Posted: Feb 25, 2014 10:00am ET
The soft, magical lighting bathed the circular entrance to Club Habana, a former yacht club in the Miramar section of Havana. The guests entered through a phalanx of costumed dancers with headdresses, receiving elegant black packages of the two cigars spotlighted on the evening: the Hoyo de Monterrey Le Hoyo de San Juan and the Partagás Serie D No. 6. There were bars serving Cuban rum and Spanish Cava, and canapés were passed through the crowd. It was the gala opening dinner for the 16th annual Festival del Habanos, Cuba's yearly extravaganza celebrating one of the country's principal products: cigars.
The event then got started with a video presentation projected onto the façade of the Club Habana, a beautiful building built in the 1920s. The video included graphic representations of tobacco barns, and the new cigars being presented that night.
The crowd then filtered into the building, where there were buffets for dinner—chicken, lobster, squid and beef with more rum and more wine. There were more than 1,000 people milling around the club's beach, and hanging on the huge balconies. There were small bands performing in some rooms, and a rock and roll band off in a cabana at one end of the club. The aroma of fine cigars wafted over the entire crowd, many of the women decked out in beautiful gowns.
The highlight of the evening finally kicked off about 10:30; A performance by the world renowned Cuban salsa band, Los Van Van. It was the first time the group had performed at the Habanos Festival.
The Festival continues today with visits to Pinar del Río, and the Vuelta Abajo.
Posted: Jan 30, 2014 3:00pm ET
Dr. Alejandro Martinez Cuenca pointed up at the pock-marked brick facade of the Joya de Nicaragua factory, outlined with mustard-yellow pillars up to the peak of the roof. When they removed layers of paint, the bricks revealed the damage done by mortar fire, and probably .50 caliber machine gun fire, during the Sandinista uprising in Estelí in 1978. Dr. Martinez Cuenca, himself a former Sandinista presidential candidate and the owner of Joya de Nicaragua today, said they had decided to leave the evidence of war as a reminder to everyone how far the country had come.
Dr. Martinez Cuenca had invited some guests to the factory, in advance of a tour given to attendees of the Nicaraguan Cigar Festival, to show off the renovation that had just been completed during the last weeks of 2013, and to talk about his plans for the future. The renovation coincides with the company's 45th anniversary.
The renovation is an accomplishment of reframing an old building with many inefficiencies into a small but modern cigar factory.
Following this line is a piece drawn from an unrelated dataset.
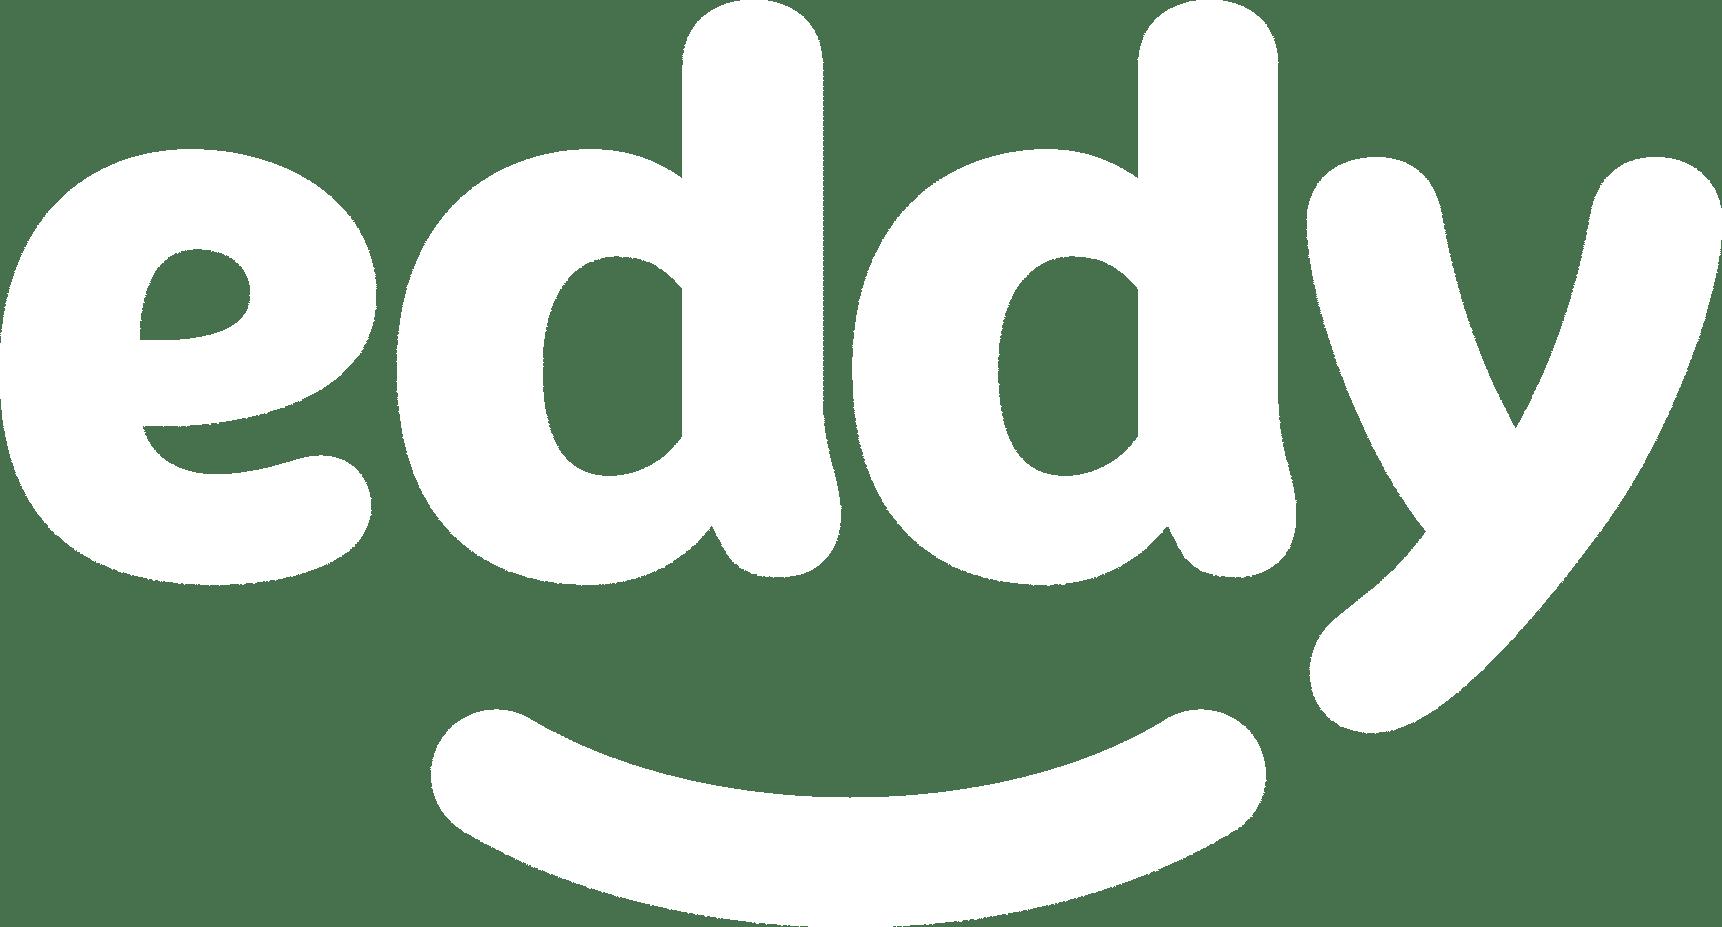 EddyHR Logo

There are now large rooms on the floor plan, and more room to expand in the future. The rolling room today has about 50 pairs of workers—one man and one woman in each team doing the bunching and the rolling of the wrapper onto the cigar. The factory is currently producing just over four million cigars a year.
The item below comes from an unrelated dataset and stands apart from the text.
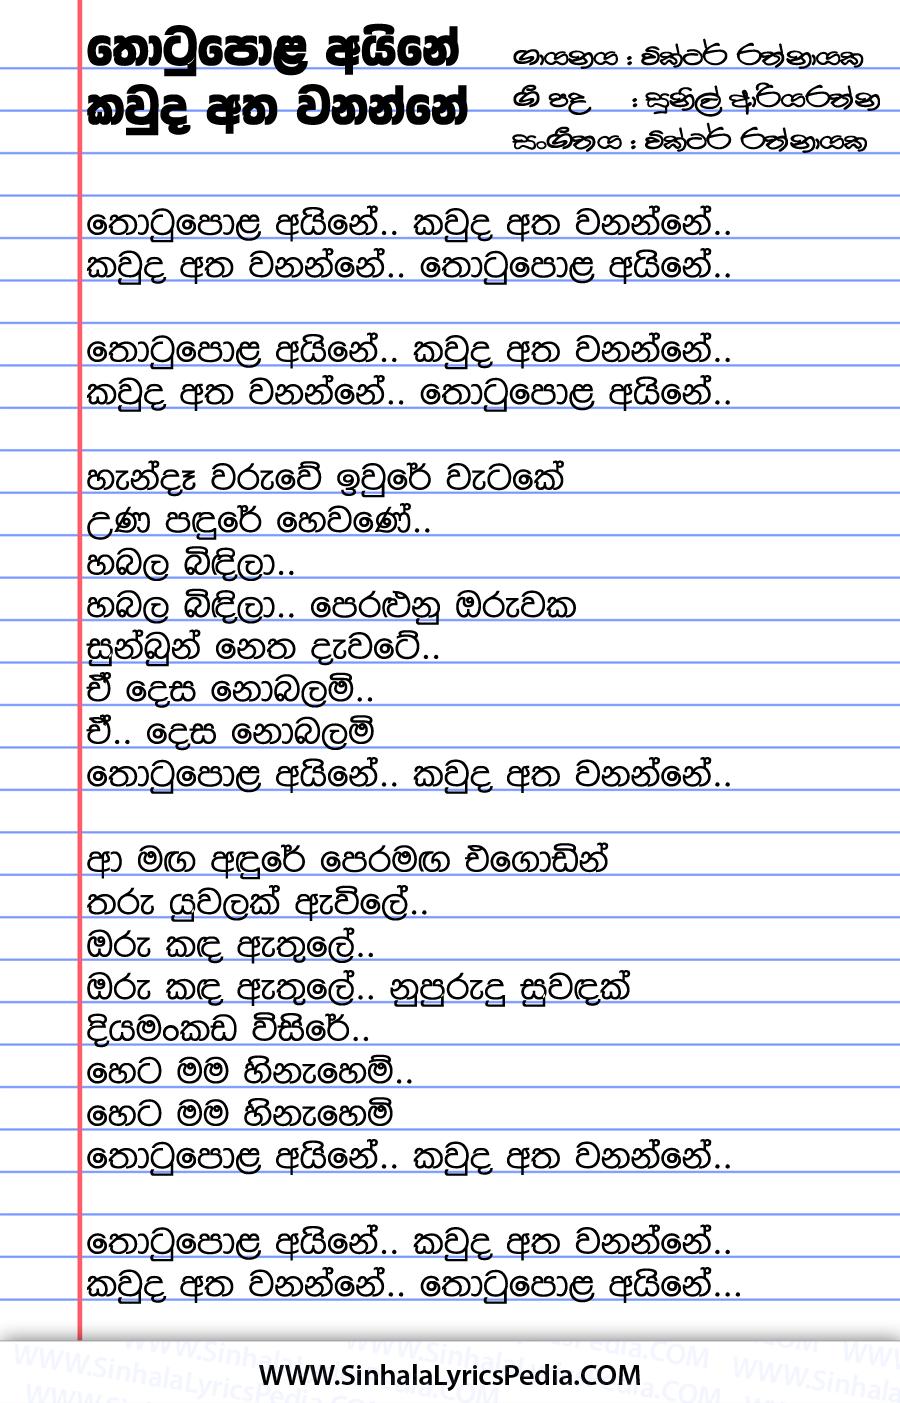 Thotupola Aine Kauda Atha Wanane Song Lyrics

But as fascinating as the refurbished factory is today, there is a deeper allure because of its connection to the history of cigars and tobacco in Nicaragua. Black tobacco, the type used in premium handrolled cigars, wasn't even planted in Nicaragua until 1965. The Nicaragua Cigar Co., the forerunner to the Joya de Nicaragua brand, was founded in 1968. The original owners were Juan Francisco Bermejo and Simon Camacho, two Cubans who had spearheaded the cultivation of cigar tobacco in Nicaragua. They had quite a bit of early success, and by 1971, Joya de Nicaragua had become the official cigar at the White House.
It was there, the story goes, that Nicaragua's dictator, Gen. Anastasio Somoza, discovered the cigar, and upon his return to Nicaragua, he exerted pressure on Bermejo and Camacho, taking a majority stake in the company. Over the next few years, he acquired total control of the company. In the years preceding the Sandinista Revolution, the factory had begun to produce more than nine million cigars a year. But its connection to the Somoza regime made it a target in the uprising and it was destroyed. Within four months of the Sandinista victory in 1979, the factory had been rebuilt and was up and running.
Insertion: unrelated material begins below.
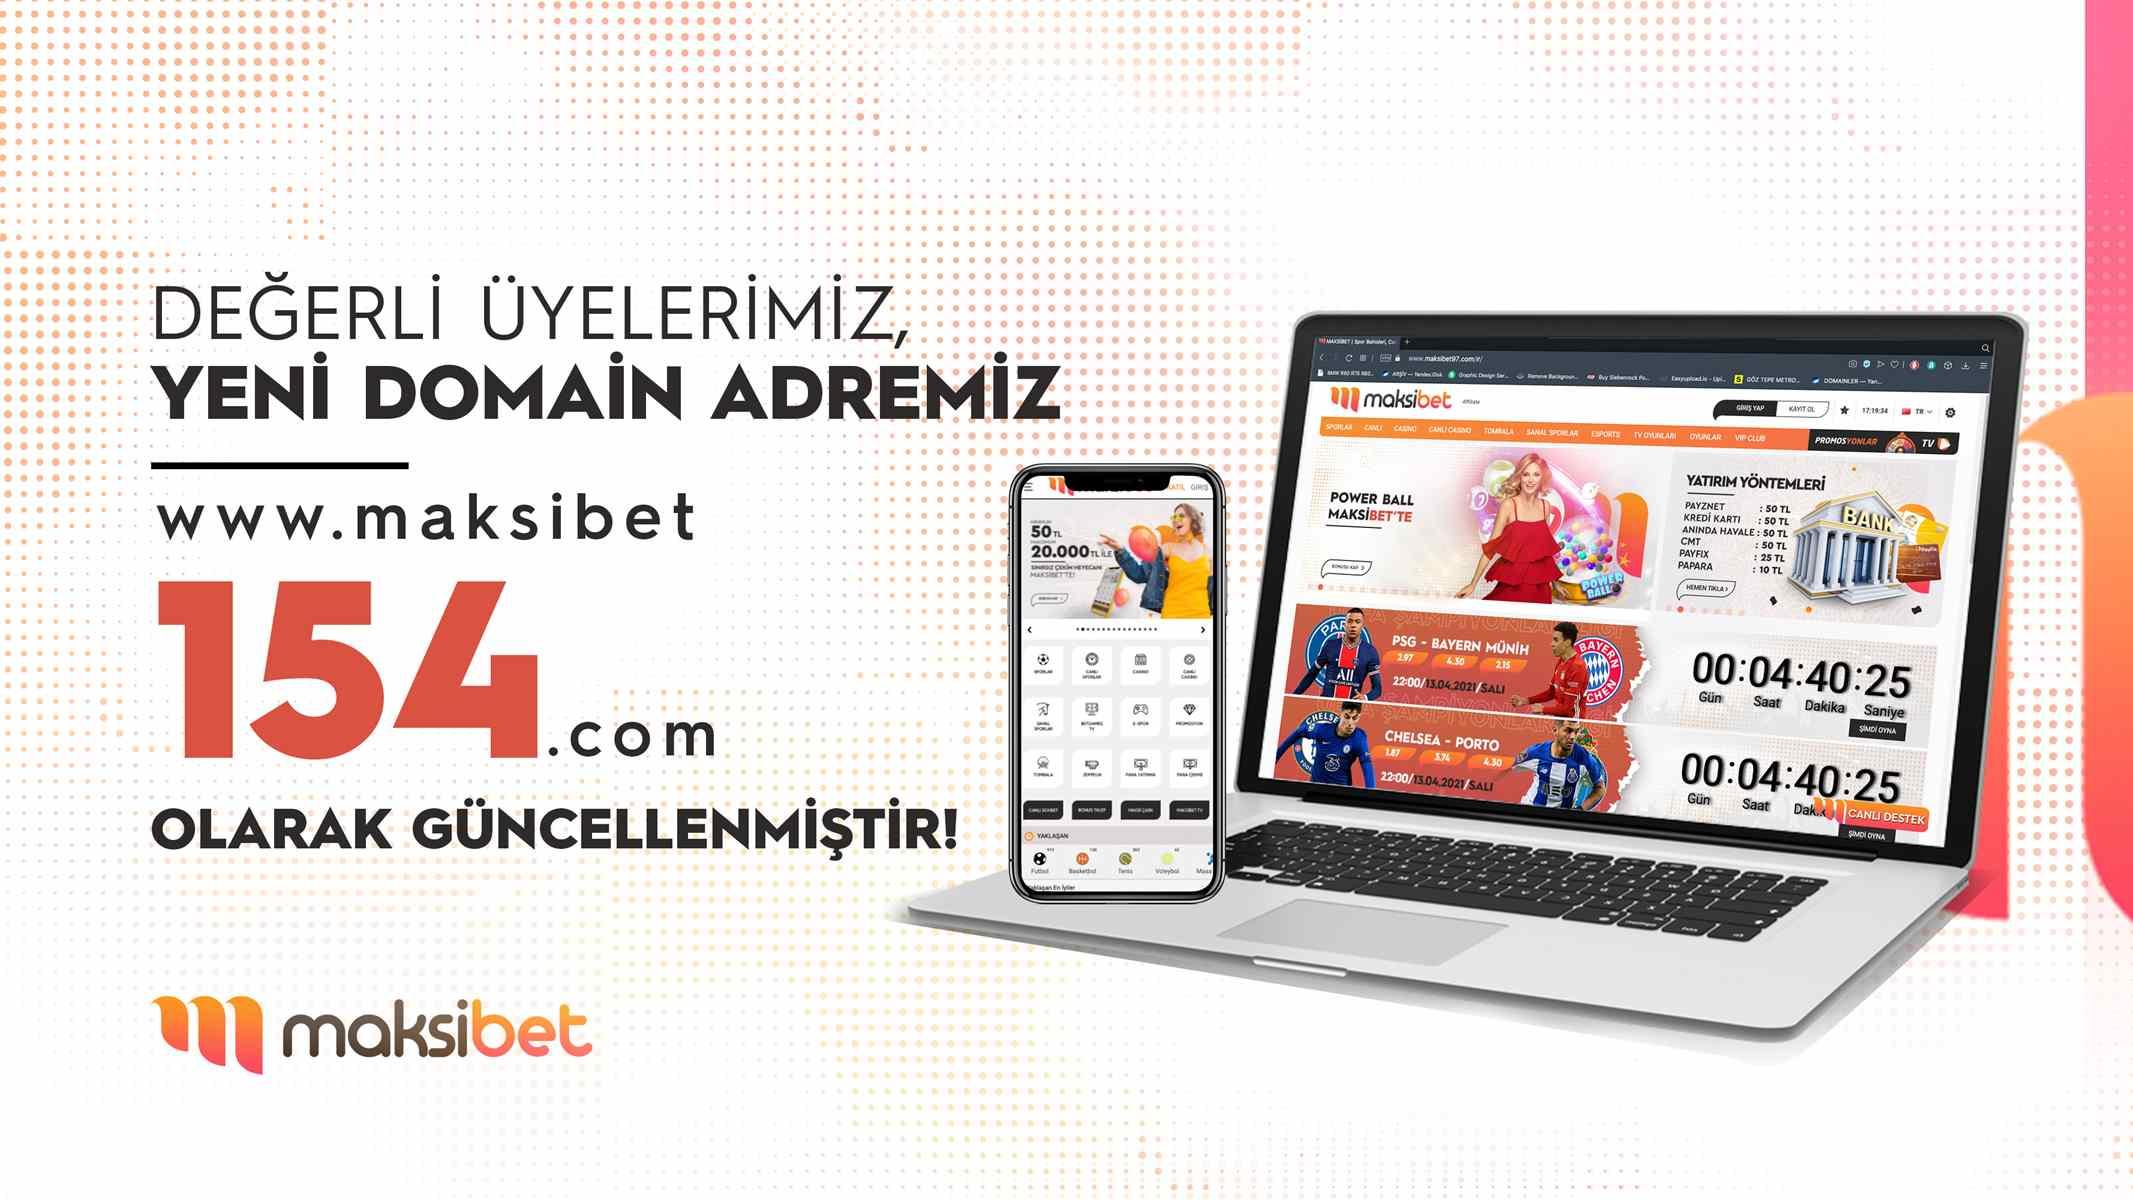 Maksibet Giriş - Maksibet Güncel Twitter Giriş - Maksi 154

Posted: Jan 22, 2014 3:00pm ET
Jorge Padrón stood in the damp furrow between rows of tobacco planted just five weeks before. He fondled the velvety leaves, already nearly waist high, between his fingers, and said, "Isn't this beautiful?" It was; a field of luminescent-green tobacco stretched several football fields away, with the leaves moving seductively in the light morning breeze under the brilliant tropical sunshine.
For Padrón, the president of Piloto Cigars, the parent company of the Padrón cigar brand, the field represents more than just a pretty place to grow tobacco. It's an investment in the future.
"This is about protection for us," he said. He later explained the two new fincas—small farms—that he had shown me that morning were part of a long-term strategy to give the company control over nearly all the tobacco the Padróns use, and to ensure the supply as they begin to plan for expansion beyond the approximately six million cigars a year they are making now.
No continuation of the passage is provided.